Initial viral treatments such as hydroxychloroquine and convalescent plasma are considered the gold standard of evidence used by regulators to license drugs and vaccines. No strong data from large randomized controlled trials. approved by the Food and Drug Administration.

Treatment trials stalled due to lack of funding and lack of participants. Scientists, doctors and federal regulators have relied on data from abroad, such as a UK study on dexamethasone, a steroid used to treat COVID-19.

“The UK has set up a large randomized trial with very loose entry criteria involving thousands of patients,” said Dr Emmanuel. “Within 30 to 60 days, we found that steroids were actually helping people who were hospitalized and seriously ill.”

Dr.

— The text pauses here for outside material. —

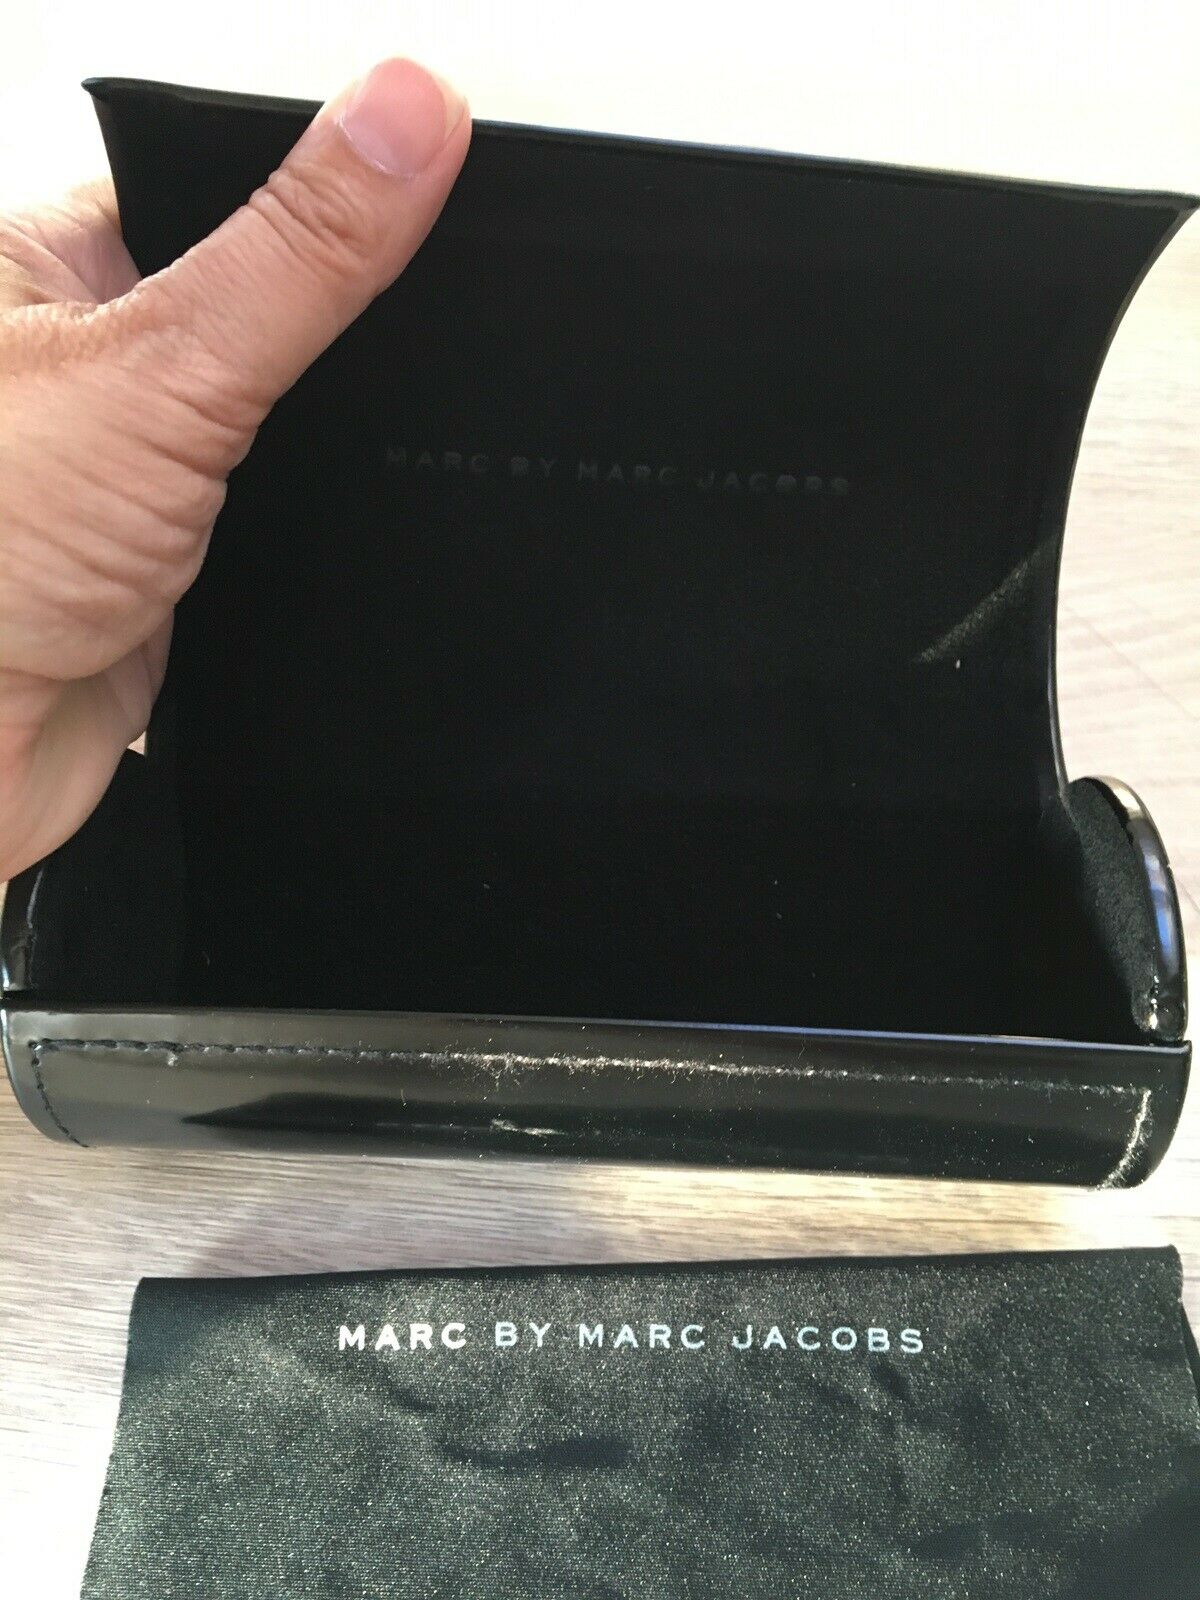 Andre solbriller, Marc Jacobs brille itui

Walid F. Gerard, a drug safety expert at the University of Pittsburgh, noted: current trial The study, conducted by British researchers, will soon yield results on the efficacy of Pfizer’s antiviral drug Paxlovid, which is widely used in the United States, against COVID-19, he said.

“We didn’t have the infrastructure to collect the data we needed to make decisions,” he said of the US pandemic response.

Vaccines have proven to be the most effective bulwark in preventing hospitalizations and deaths from COVID-19. But public health experts say the focus on vaccination has often overshadowed efforts to develop and deliver treatments. Antibody drugs important to immunocompromised Americans are no longer cleared by the FDA, and experts say more antiviral drugs are needed.

The Biden administration has focused on introducing boosters, which have seen a steady decline since the first round was authorized in the fall of 2021. But other strategies aimed at preventing the spread of the virus, such as improving indoor air quality, are also being evaluated. A relatively modest note.

“Myopic focus on vaccines alone and excluding other areas that can be very easily achieved to achieve a much better response is like building a house with one wall or no roof. It’s like there is,” Dr. Luciana said. Borio is a former acting FDA principal investigator who advised Biden’s transition team.